══ Given records

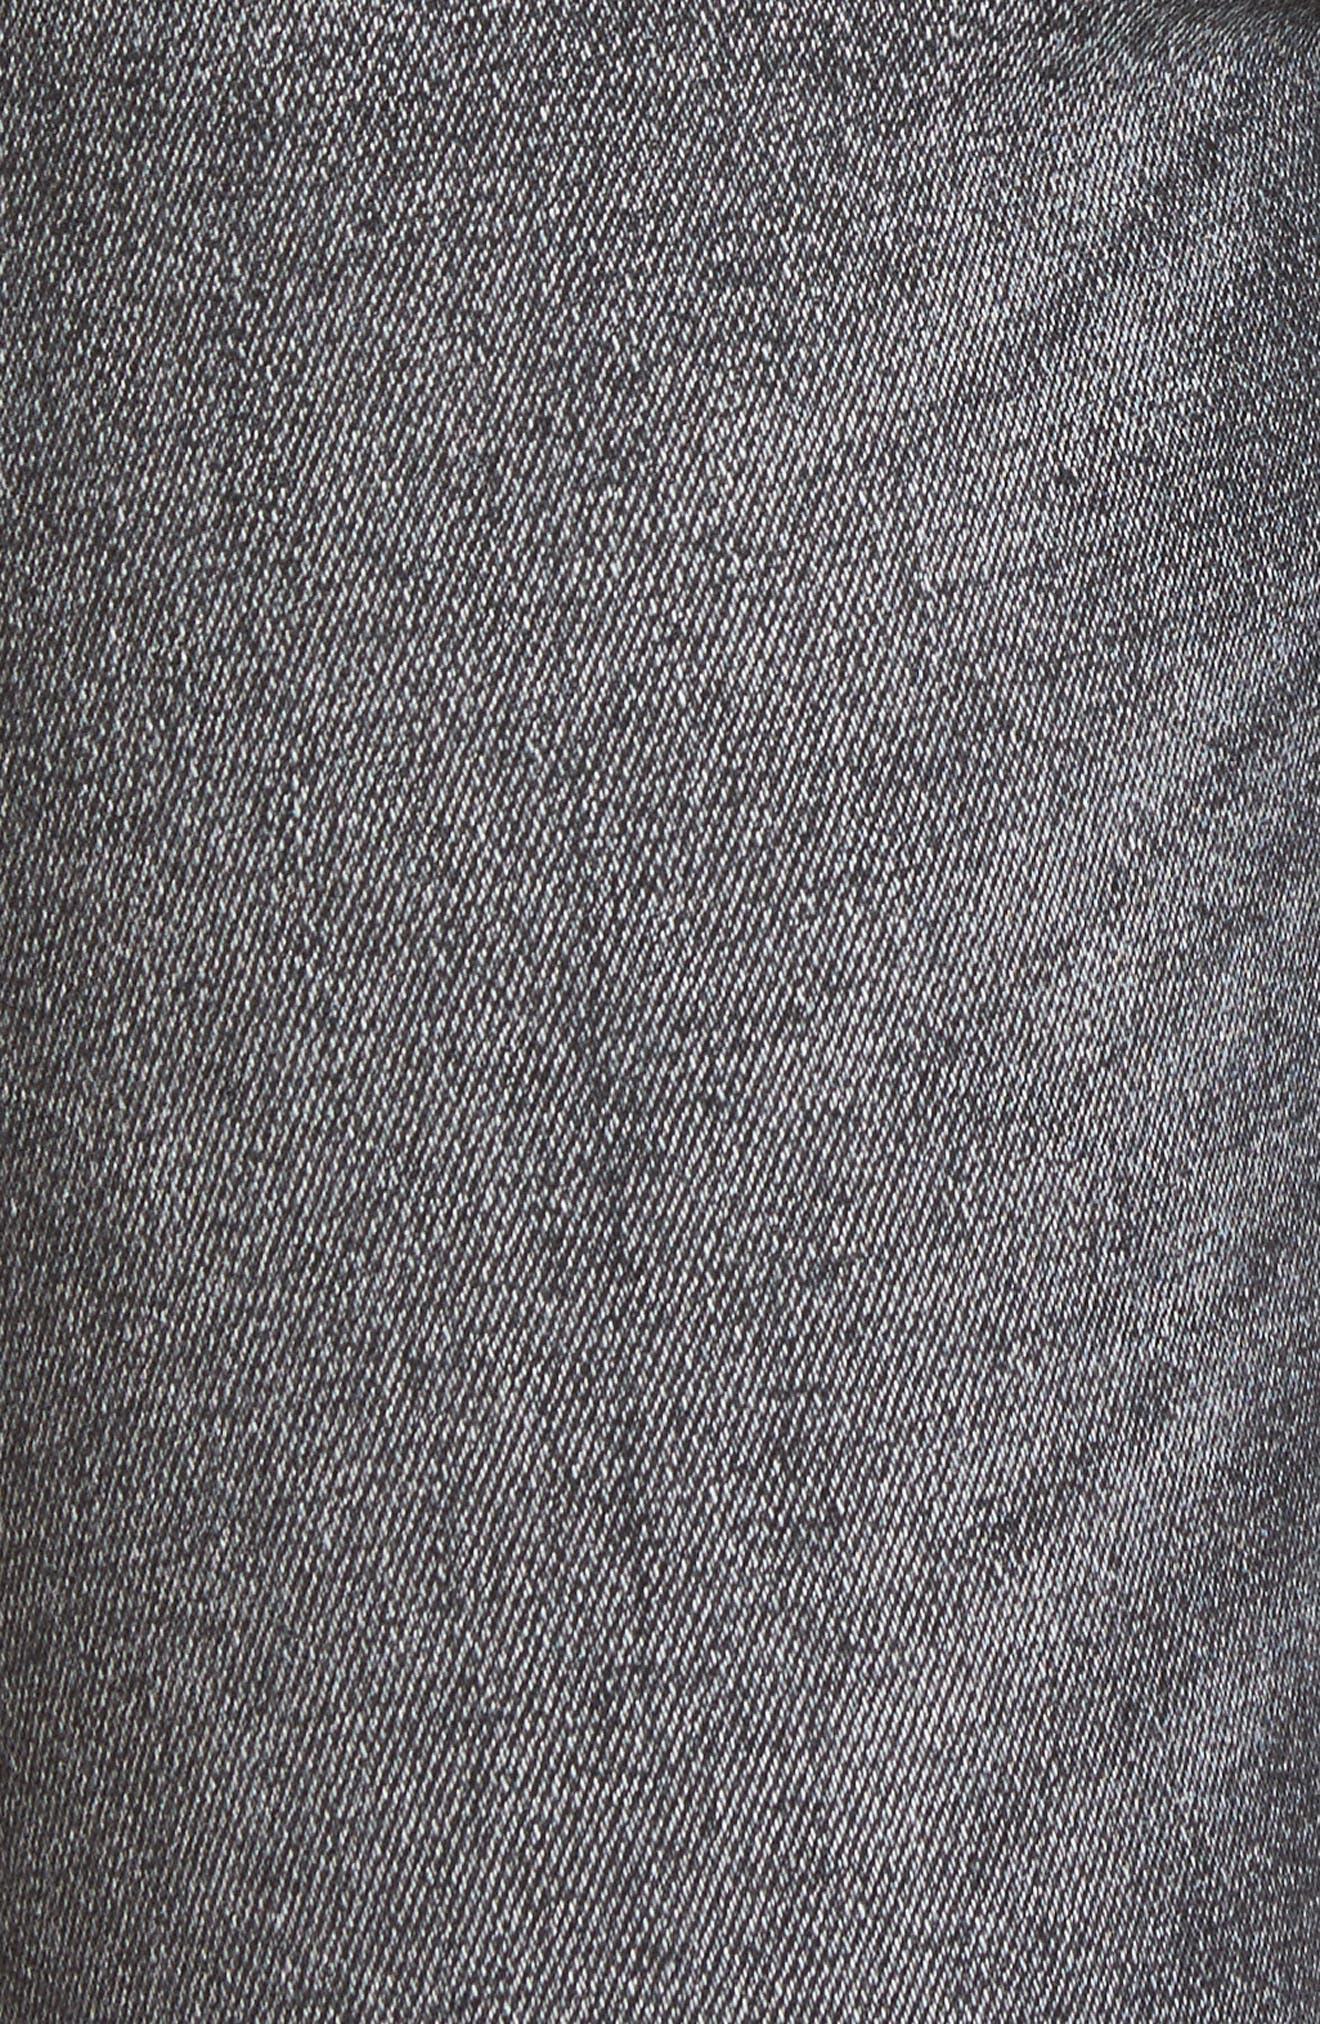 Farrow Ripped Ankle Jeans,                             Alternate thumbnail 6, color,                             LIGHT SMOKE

════
══ Given records

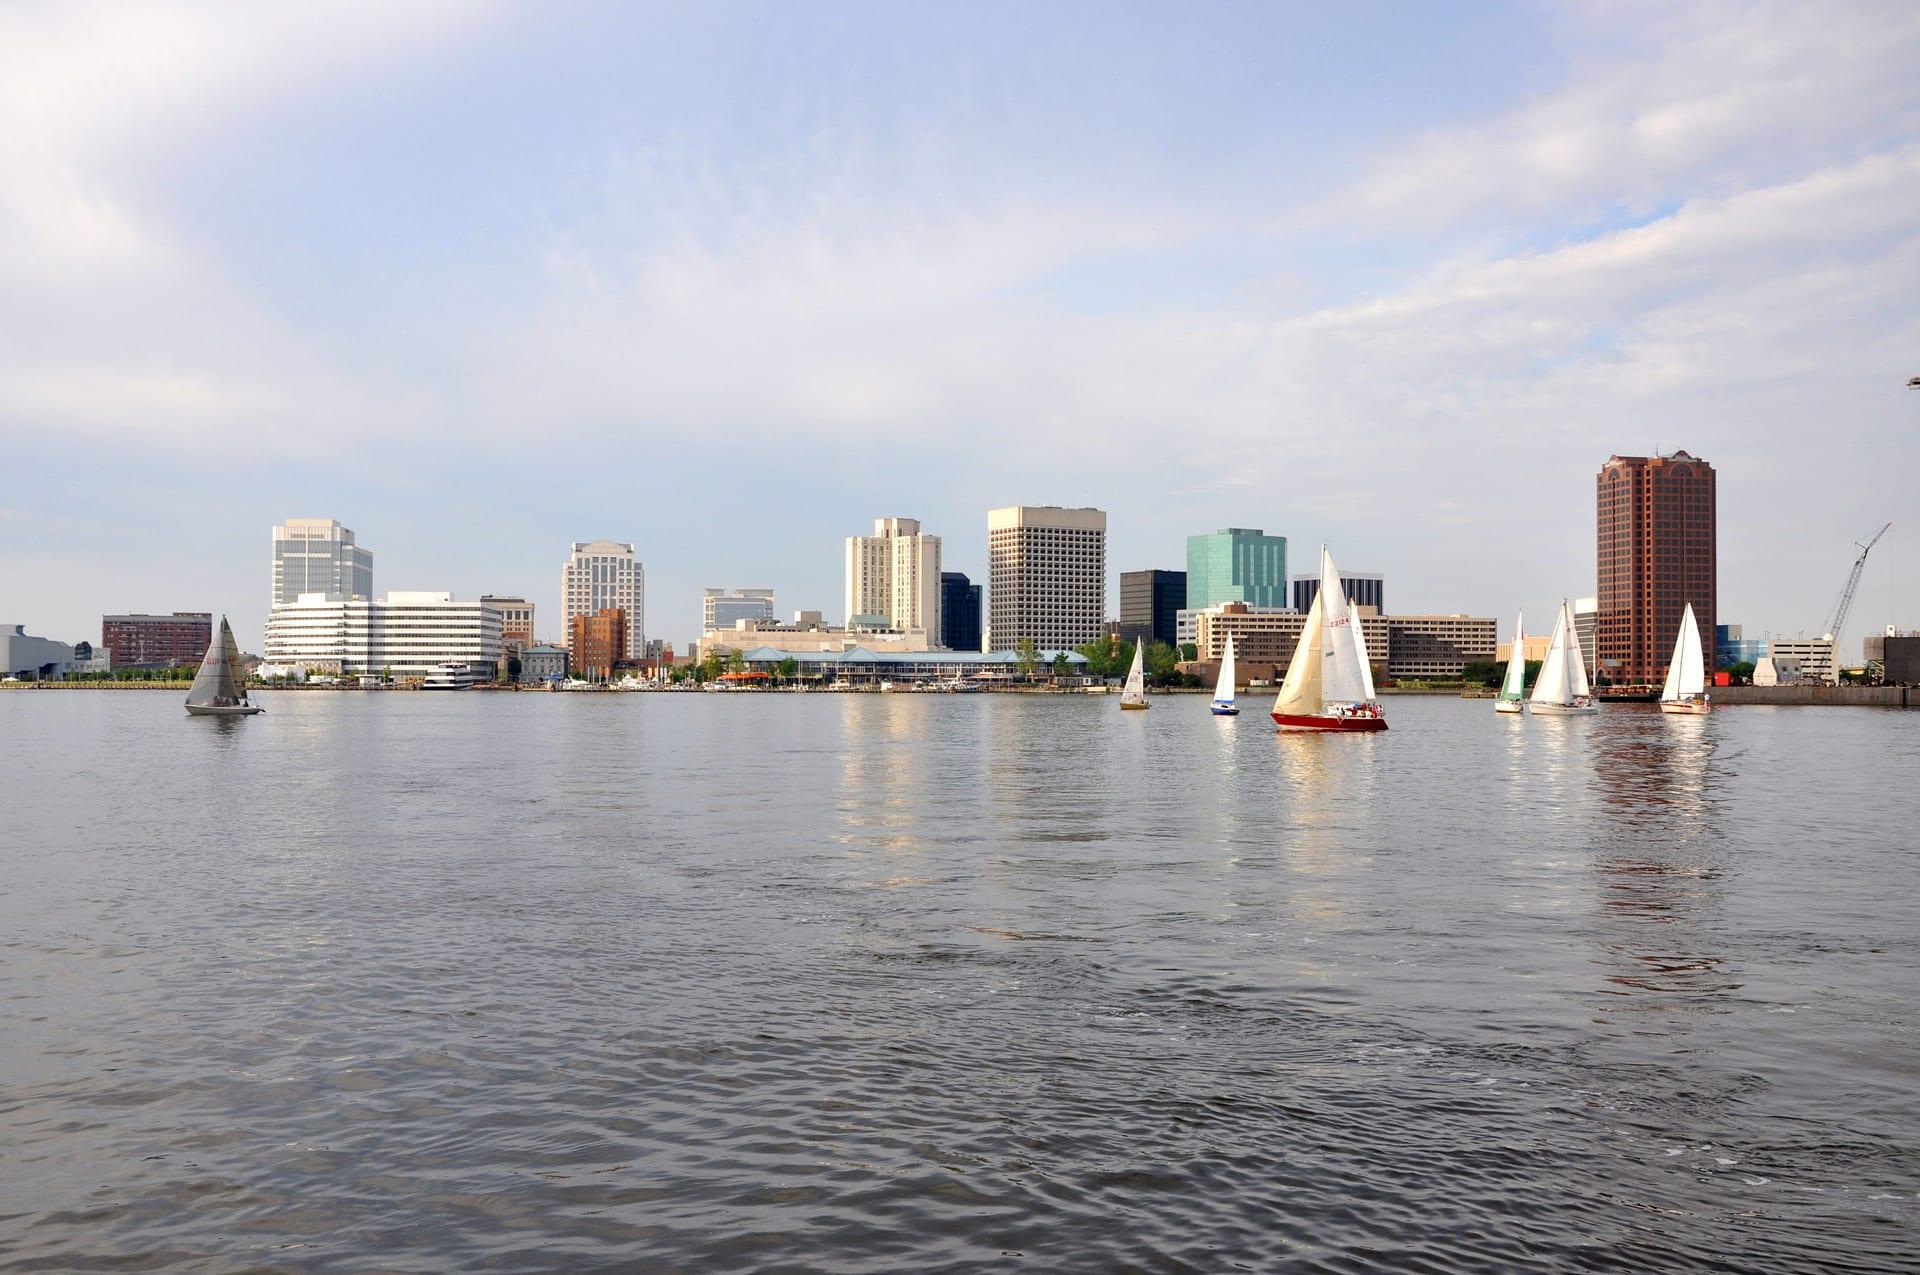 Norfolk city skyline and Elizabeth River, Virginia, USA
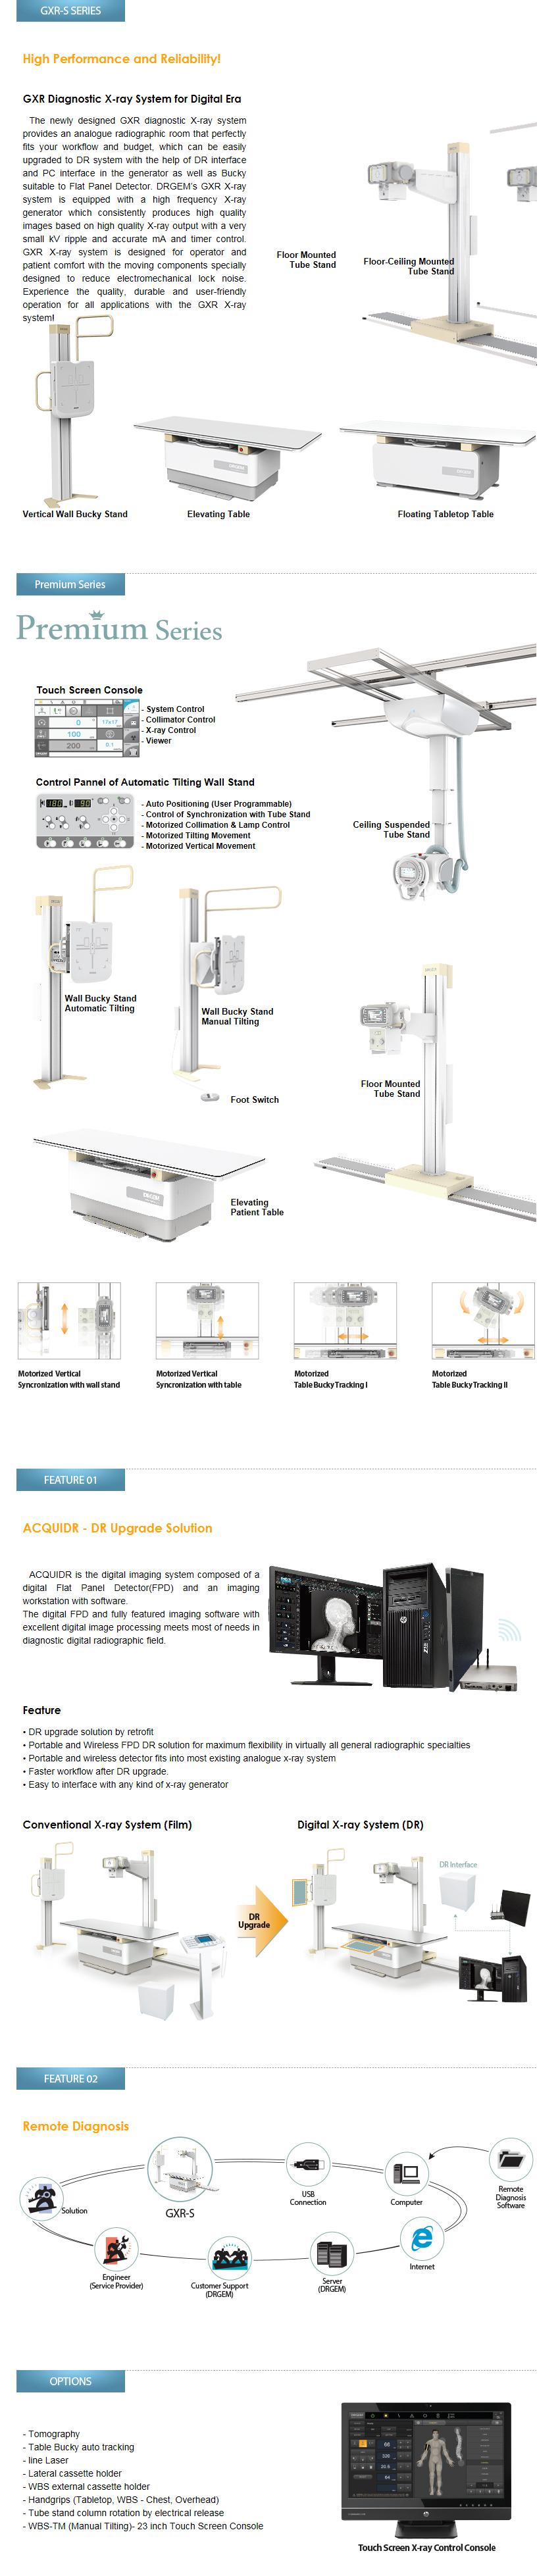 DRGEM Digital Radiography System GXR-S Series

════

• _Task item_: Only one part of the material above is wanted: the lines from the one with "Norfolk city skyline" up to and including the one with "DRGEM Digital Radiography". Please copy them exactly, pictures left out.

• _Task response_:
 Norfolk city skyline and Elizabeth River, Virginia, USA
 DRGEM Digital Radiography System GXR-S Series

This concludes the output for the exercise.